У Лернер патриархат – это система, выстроенная «мужчинами и женщинами»: в разные исторические периоды некоторые женщины были наделены властью большей, чем большинство женщин и мужчин, хотя эта власть и транслировалась через других мужчин и служила их целям; таким образом, она всё равно использовалась для ещё большей институционализации иерархий доминирования. Даже уже будучи сексуально закрепощёнными, женщины вплоть до развития монотеизма играли важную роль через предполагаемую фигуру богини в неолите и далее в форме жриц и целительниц, связывающих человеческое и божественное. Однако с возникновением империалистской королевской власти в ближневосточных обществах влияние фигур различных богинь плодородия снижается, «фертильность» в их образах разделяется на две функции – сексуальность и, собственно, рождение; женщины теряют свою власть связи с божественным, даром творить и размножать наделяется бог-мужчина, с которым могут ассоциировать себя мужчины-короли. Вместе с этим происходит ещё вот что: женская сексуальность, за исключением репродуктивной функции, получает связь с грехом и злом.

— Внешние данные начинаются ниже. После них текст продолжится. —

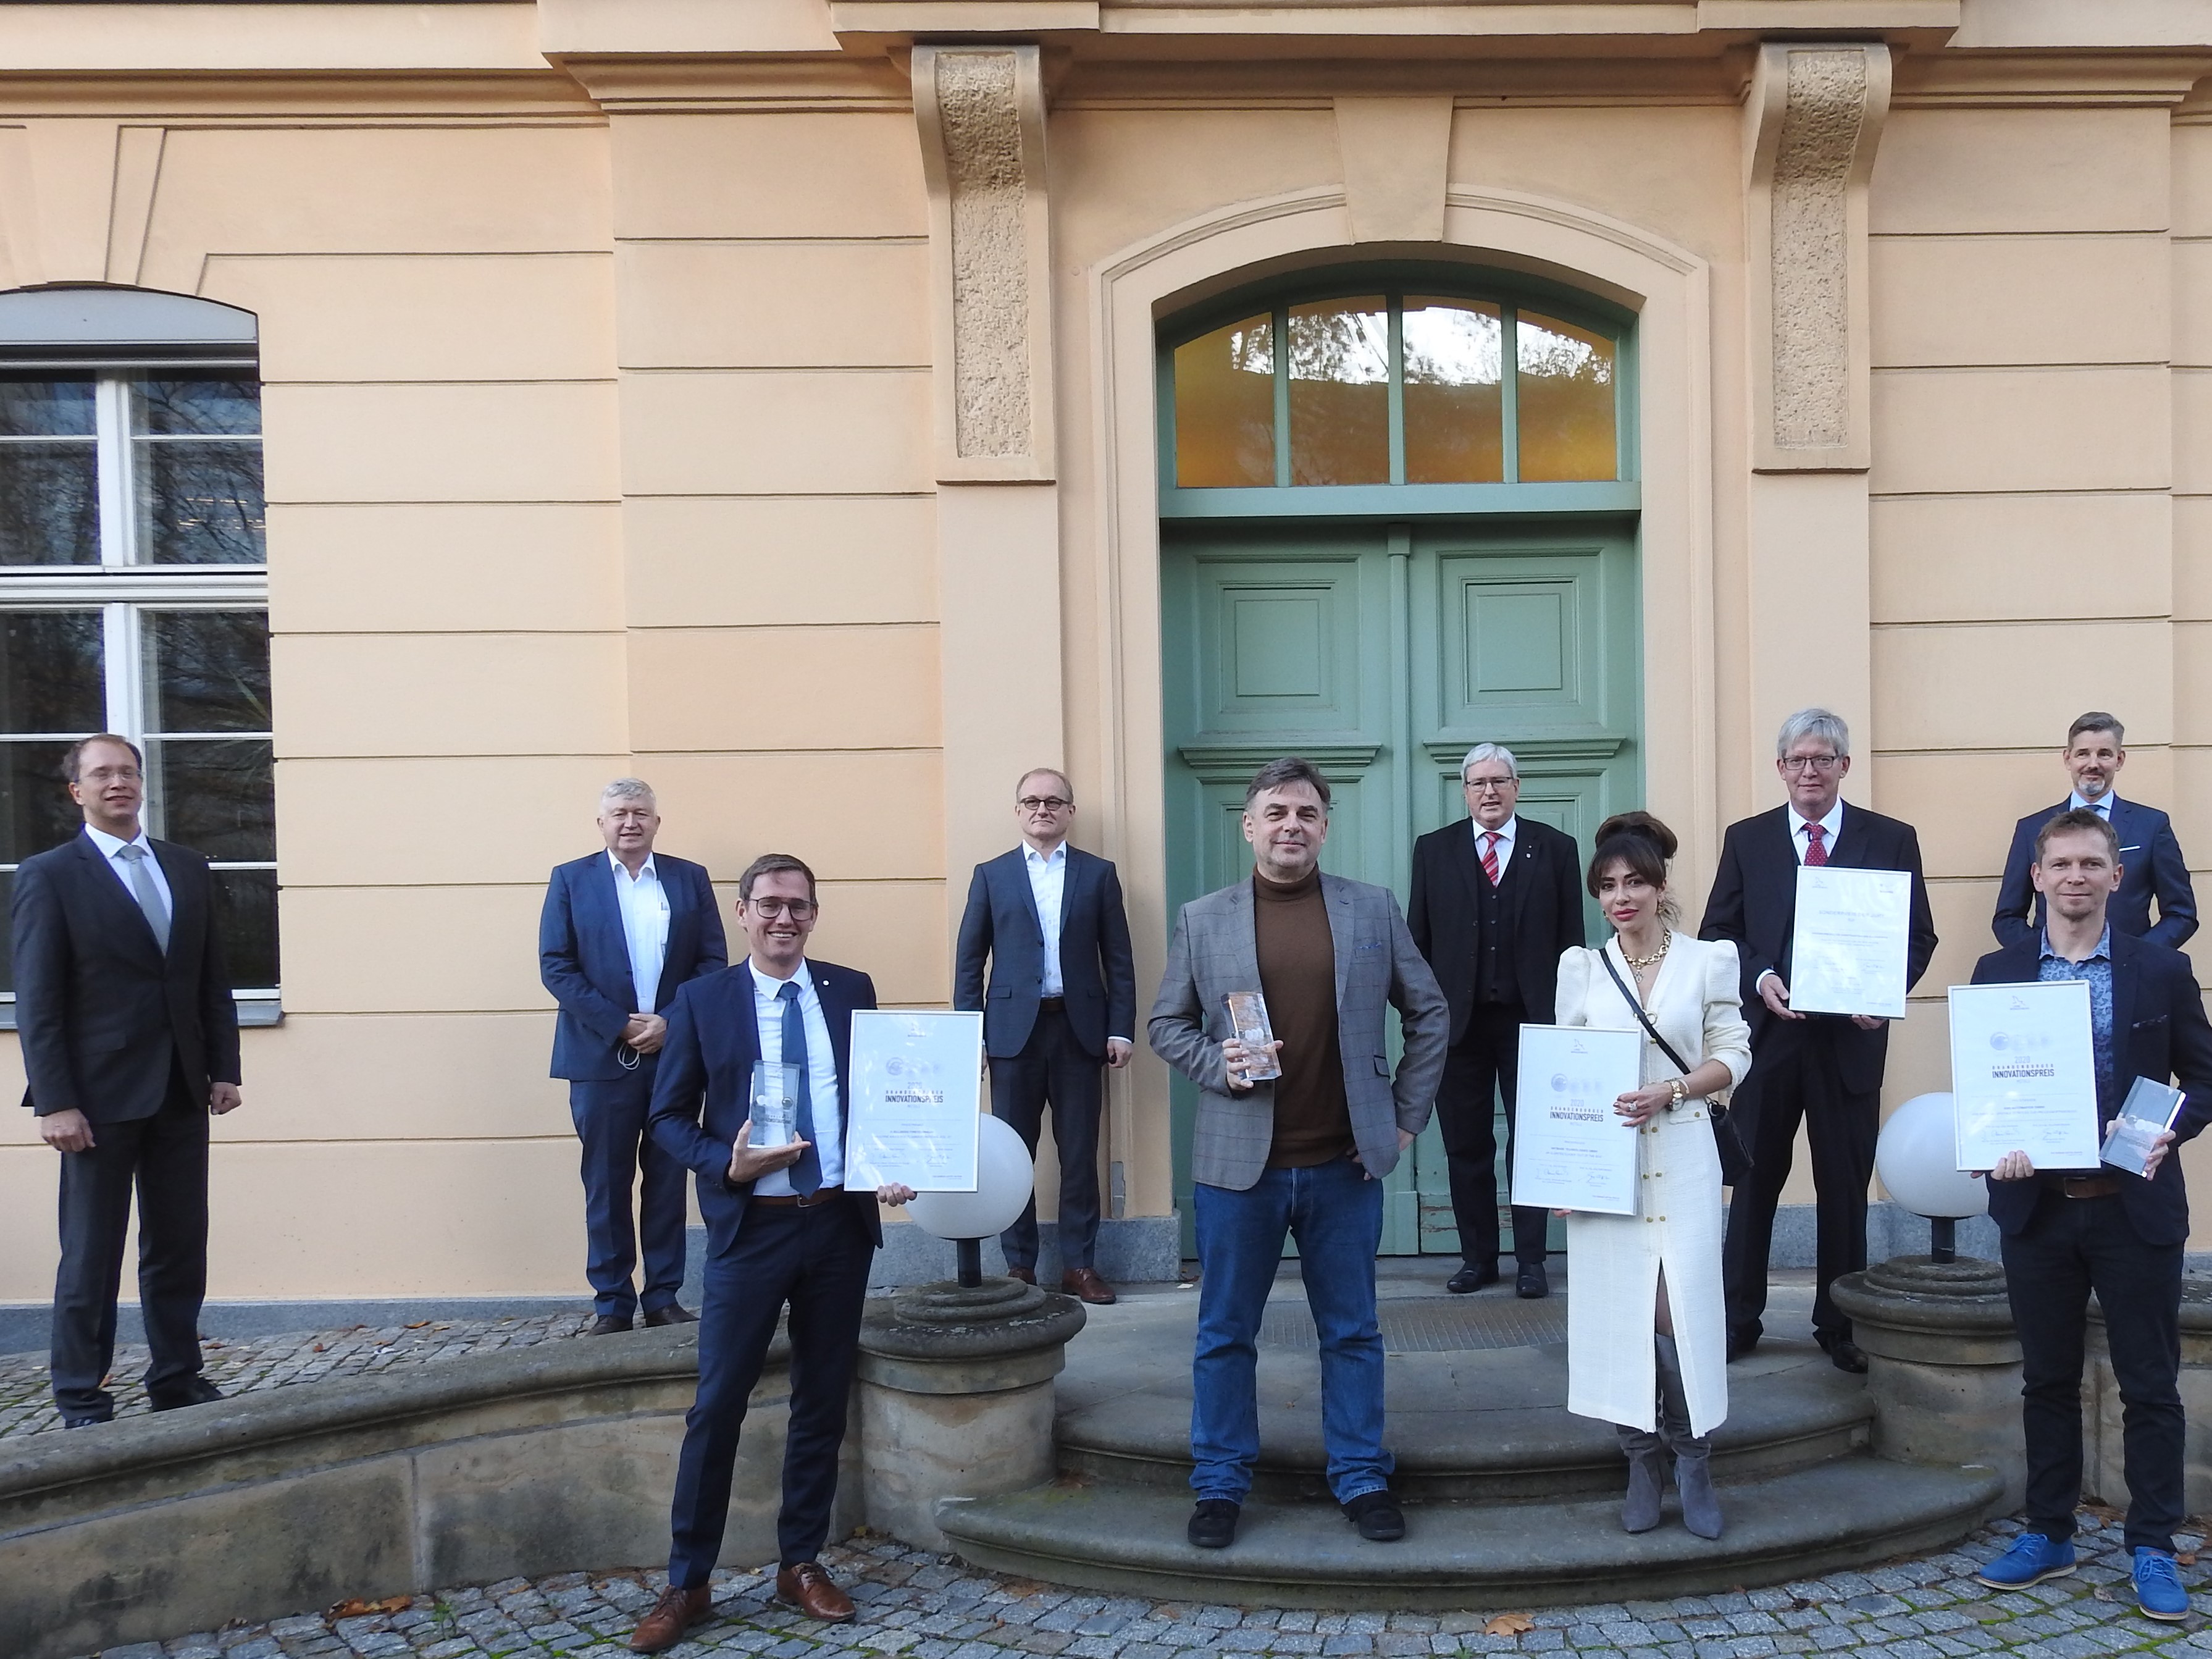 Gruppenfoto mit Preisträgern des Brandenburger Innovationspreises 2020

Патриархат – сам по себе проблематичный термин, неверно понимать его как универсальный глобальный режим. К середине 20 века это слово практически исчезает из социологии, а в 60-е и 70-е возвращается в актуальное использование в феминистской теории. Тогда вокруг него происходили дискуссии, призывающие либо дать ему большую научную точность, либо отказаться от использования термина вовсе. В мае 1989 года вышел номер журнала Sociology[28] с тремя текстами, проблематизирующими использование этого концепта. В одном из них Малкольм Уотерс указывает[29] на три сложности с «патриархатом»: этимологическую, дефинитивную и теоретическую. Во-первых, «патриархат» значит буквально «власть отцов», старших в семействах, – это термин, характерный для конкретного общественного устройства, нерелевантного для западных обществ сегодня; употребляя его в отношении системы мужского доминирования, феминистские теоретики совершенно точно не имеют в виду конкретно это; во-вторых, нет консенсуса относительно его научного определения, термин слишком широкий и может означать разные вещи в разных контекстах; в-третьих, пишет Уотерс, у концепта «патриархата» низкий теоретический потенциал, потому что он «внеисторический» (такое было ощущение от термина в 1989 году); это, по мнению Уотерса, Элизабет Фокс-Дженовезе, Шейлы Роуботэм и других теоретиков, приводит к его натурализации, как будто это естественный биологический феномен, характерный для всего человечества, а не исторический и мультилокальный. Уотерс предложил оставить «патриархат» для тех режимов власти, где ресурсы и власть перераспределены в интересах мужчины, занимающего старшее место в системе родства; если же речь идёт о подчинении вне систем родства, для таких маскулинных гендерных систем он предлагает термин «вириархат» – власть «зрелых мужчин», затем ещё разделяя патриархаты и вириархаты на четыре категории в зависимости от степени различения между домашними и публичными сферами в разных обществах. Как мы видим сегодня, термин особо не прижился, как и предложенный в 1992 феминистской теологиней Элизабет Фьоренца термин «кириархат», выводящий ситуации подчинения за пределы гендерной системы и через интерсекциональный подход описывающий такие режимы субординации, когда человек одновременно может быть угнетён по одним векторам и привилегирован по другим.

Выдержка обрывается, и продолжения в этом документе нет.